What helped Kahmariah begin to “real read” were the conferences and coaching sessions that followed Jean’s assessment of her bookmarks. Jean moved Kahmariah from quoting text phrases and “fake reading” to making predictions, showing empathy for characters, and connecting the story to her own life. Kahmariah now reads a variety of genres, has read five books during the third quarter, up from only one book the first half of the year. Kahmariah sees herself as a “reader” who chooses to read at school and at home. Independent reading combined with Jean’s support ramped up Kahmariah’s instructional level to mid-fourth grade!
The message here is that bookmarks alone won’t help students find meaning and joy in reading. Teachers must analyze students’ bookmarks to figure out how to support them. That means conferring with students, coaching them, modeling for them, pointing out their successes, and encouraging them to self-evaluate.
3. Confer Frequently
Coaching students for three-to-four minutes during a conference enables you to help them apply a new strategy, concept, or task—and enjoy the feeling of success. During conferences you can show students who aren’t metacognitive how to reflect on their learning and point out any progress they made. Conferring with students briefly and frequently allows you to turn negative feelings and attitudes toward learning into positive ones–gradually.
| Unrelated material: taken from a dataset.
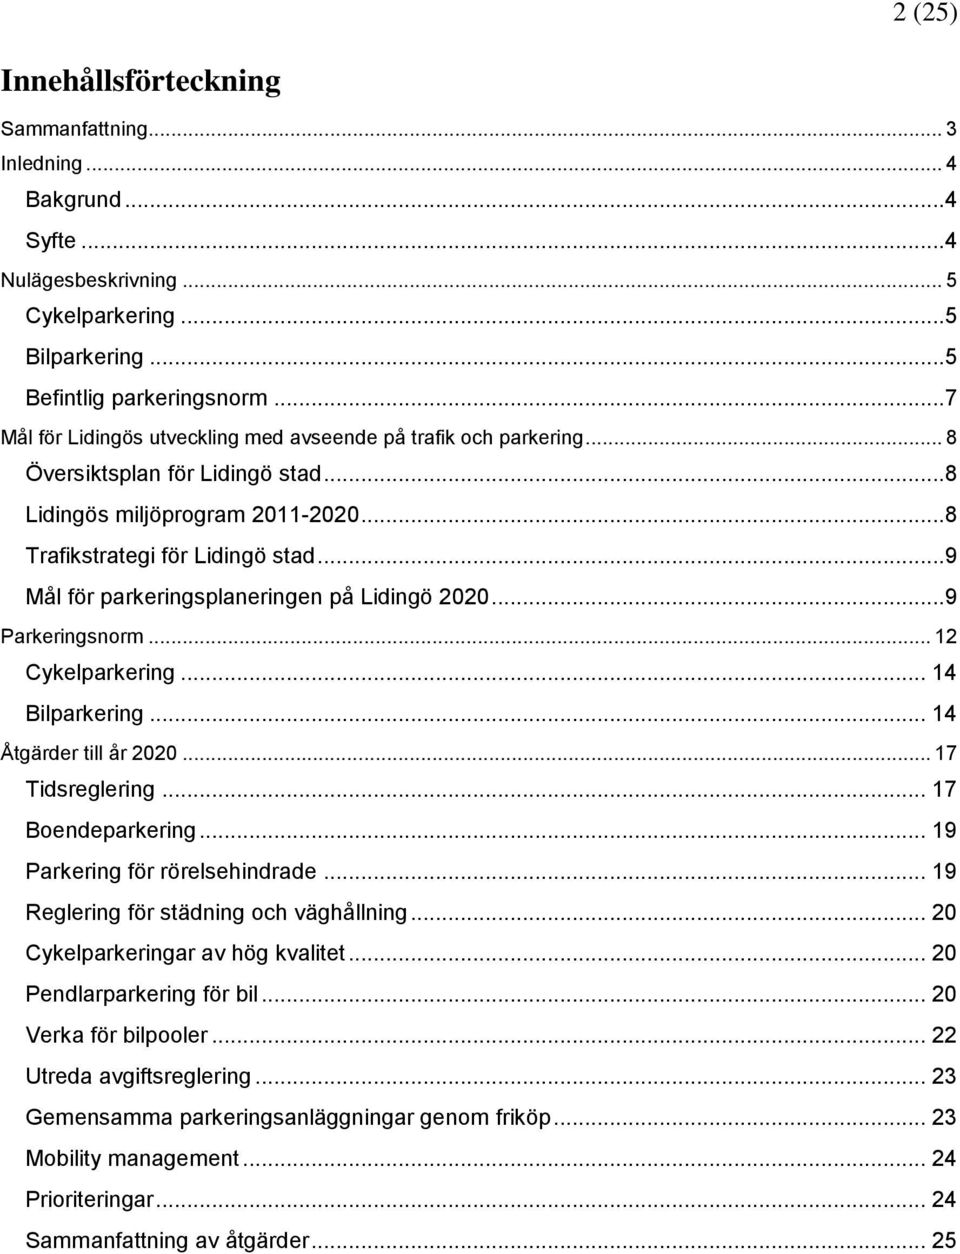 ..9 Mål för parkeringsplaneringen på Lidingö 2020...9 Parkeringsnorm... 12 Cykelparkering... 14 Bilparkering... 14 Åtgärder till år 2020... 17 Tidsreglering... 17 Boendeparkering.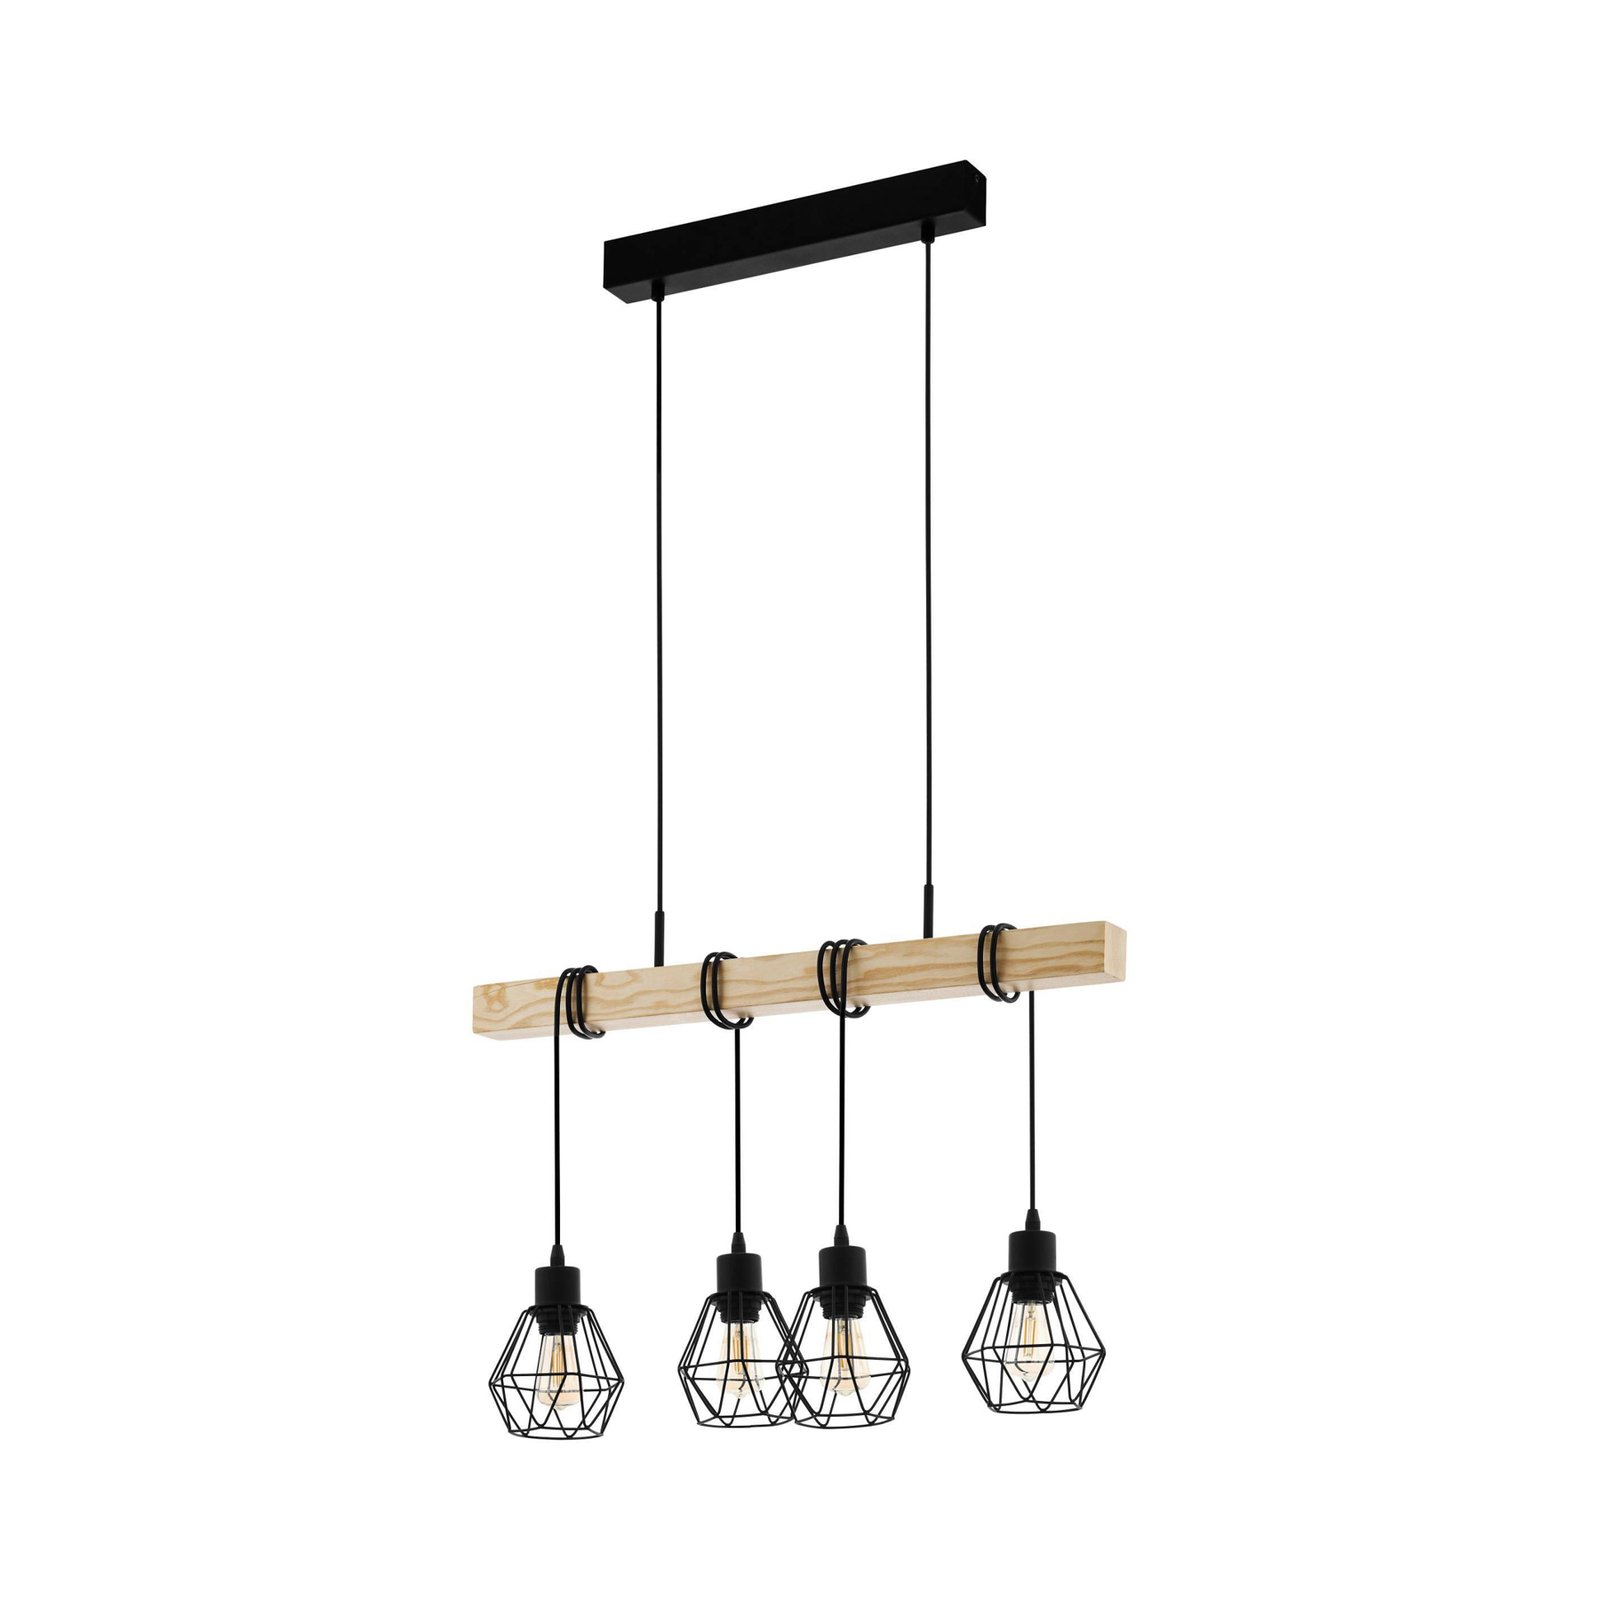 Townshend hanglamp, lengte 70 cm, zwart/eiken, 4-lamps.

Jean Hoyt told me that through continual but short conferences she was able to develop students’ self-confidence and feelings of self-efficacy—“Yes, I can reach that goal!” After several months of conferring and teaching students how to reflect on their work and progress, Hoyt observed that positive feelings toward reading and writing among students she coached outnumbered negative feelings. And equally important, students were able to express feelings of pride in writing and pleasure in reading.
4. Self-Evaluate
Self-evaluating progress in reading comprehension invites students to call on their metacognitive skills. They study their reader’s notebooks and reflect on what they did well along with how to improve comprehension.
Coaching students to be metacognitive requires us to raise students’ awareness of what they do and don’t understand about reading. This is a tough task for teachers and students, but one that’s important because metacognition creates independent learners who find pleasure in reading and writing about reading and have the fix-up strategies necessary to comprehend what they read. And after all, developing students’ independence in learning should be the goal of every teacher!
Independence in Learning
During conferences, engage students in planning, monitoring comprehension, and self-evaluating their work so they can pinpoint strengths and needs. Then, think aloud and coach them to show how reflecting on their reading highlights what they do well and points out areas that need improvement. In addition, help them be positive about their needs so they understand that learners take risks and work hard to make progress. By developing students’ metacognitive skills, you put them on the road to lifelong learning.